*** DATASET ***

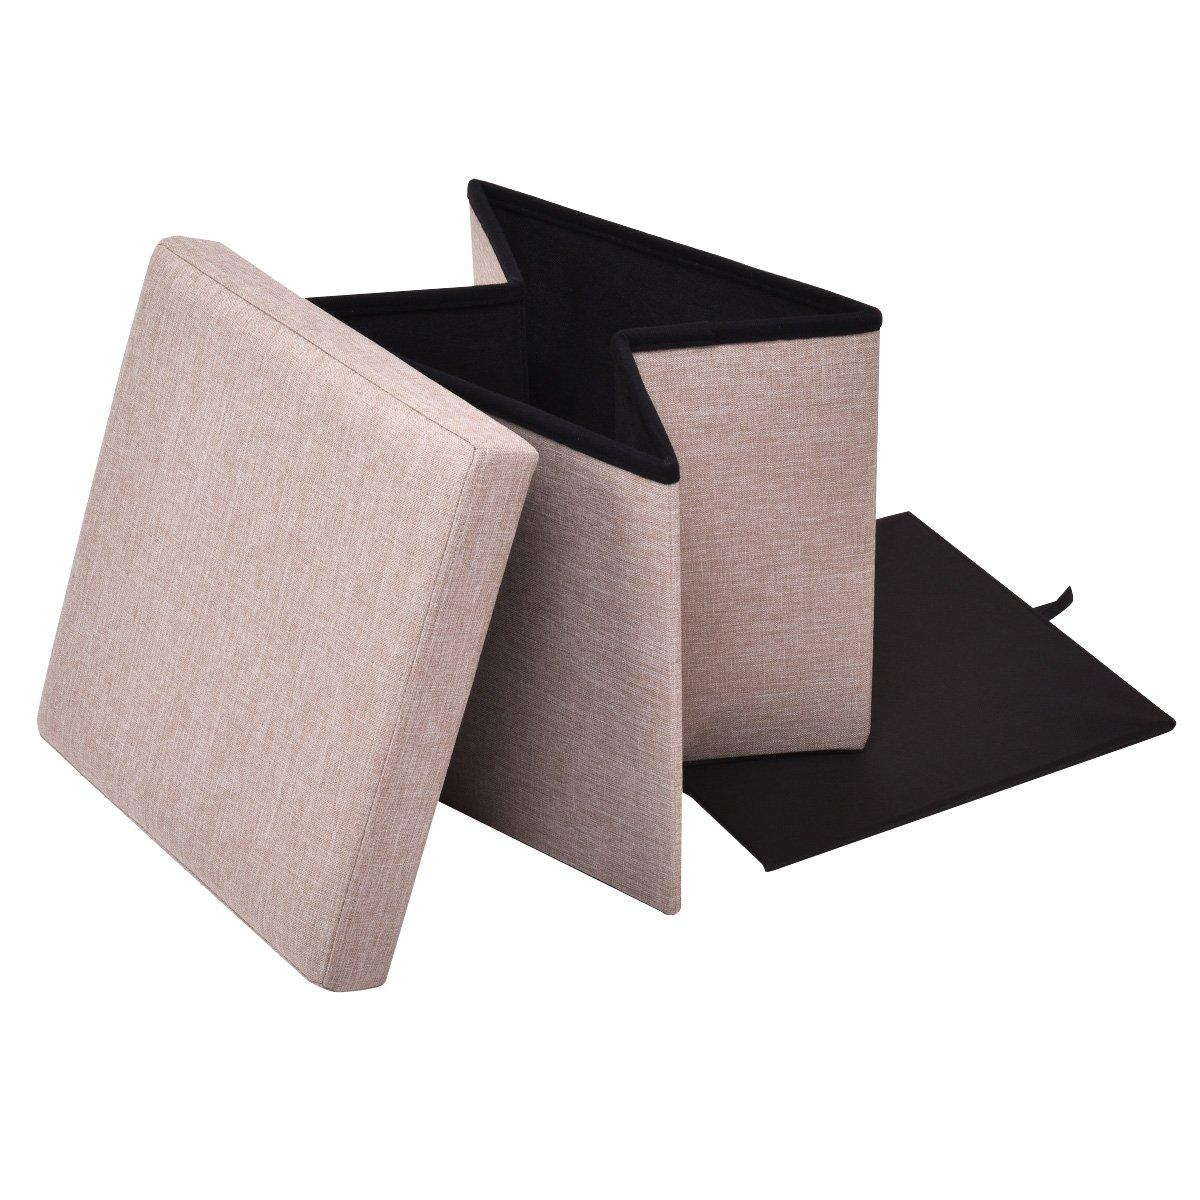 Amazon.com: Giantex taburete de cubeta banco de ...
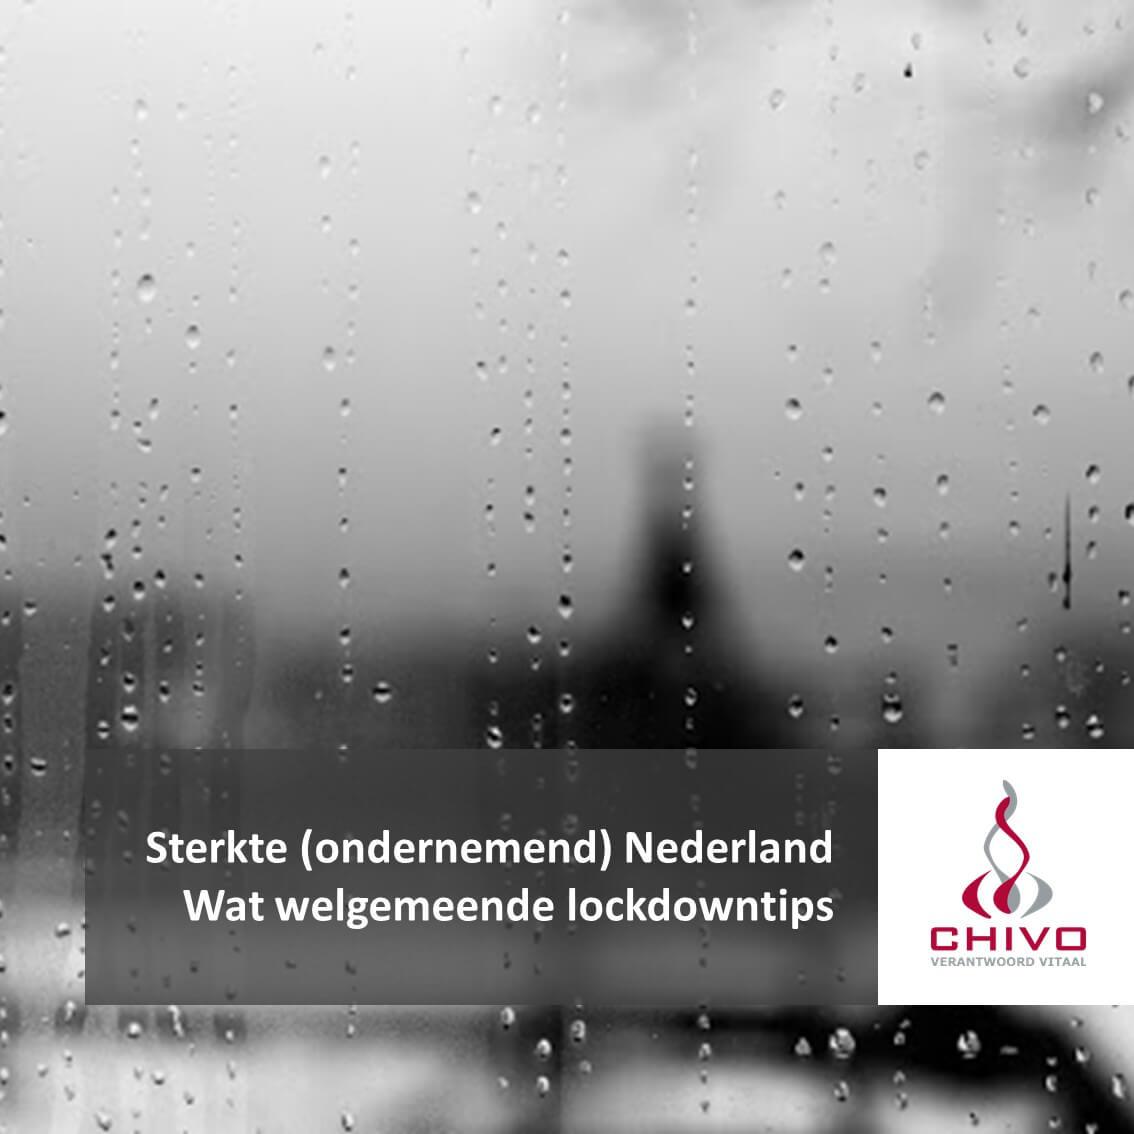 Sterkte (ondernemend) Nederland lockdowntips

*** End of DATASET ***
*** DATASET ***

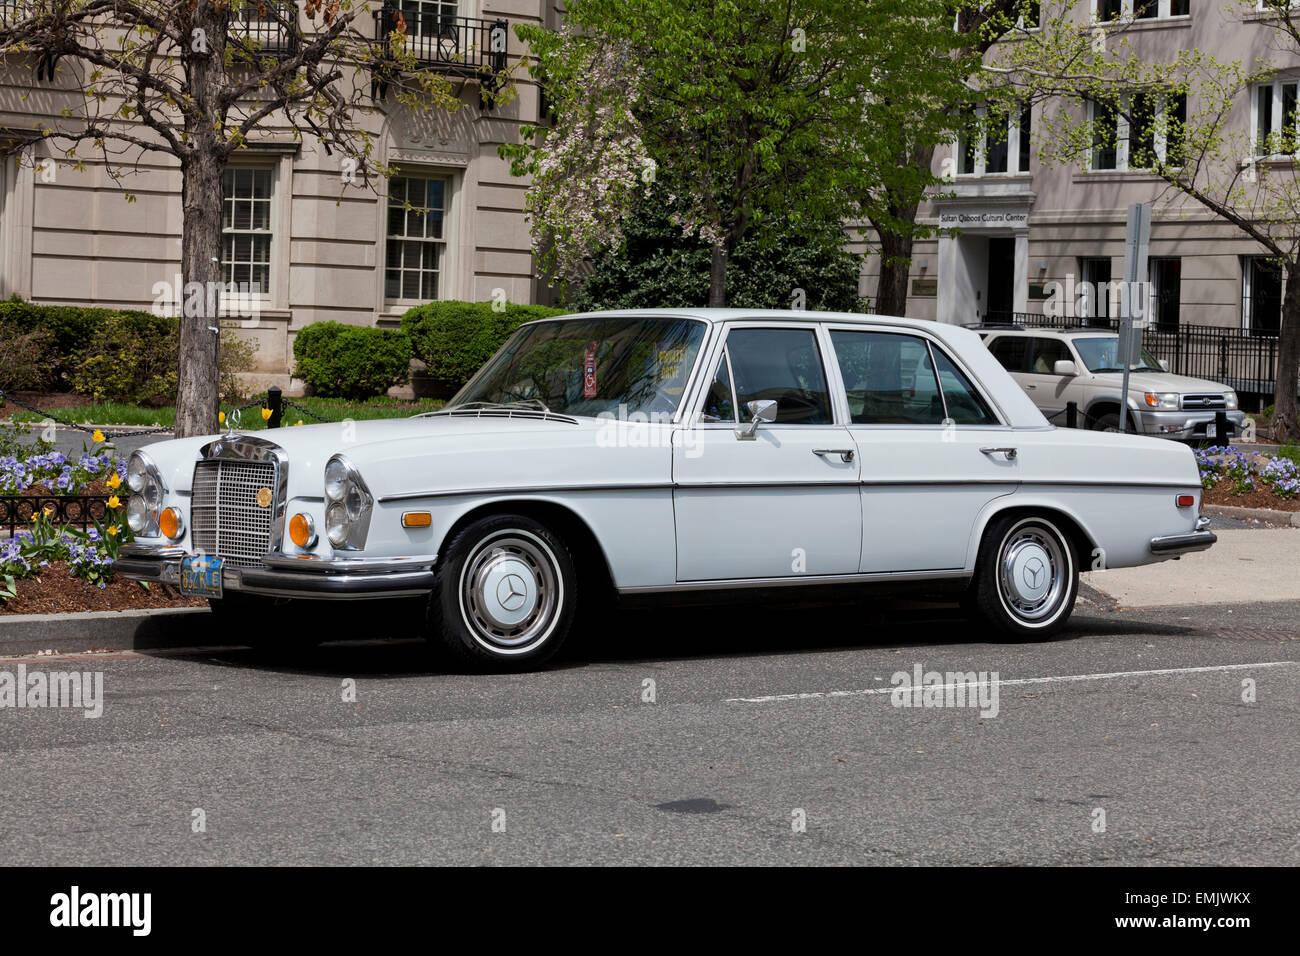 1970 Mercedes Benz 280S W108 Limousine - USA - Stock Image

*** End of DATASET ***

## [EXERCISE OBJECTIVE]
Would you restate, exactly and with no pictures, the lines of the entries above from the one containing "Amazon.com: Giantex taburete" through the one containing "Sterkte (ondernemend) Nederland lockdowntips"?

## [RESULT OF THE EXERCISE]
 Amazon.com: Giantex taburete de cubeta banco de ...
 Sterkte (ondernemend) Nederland lockdowntips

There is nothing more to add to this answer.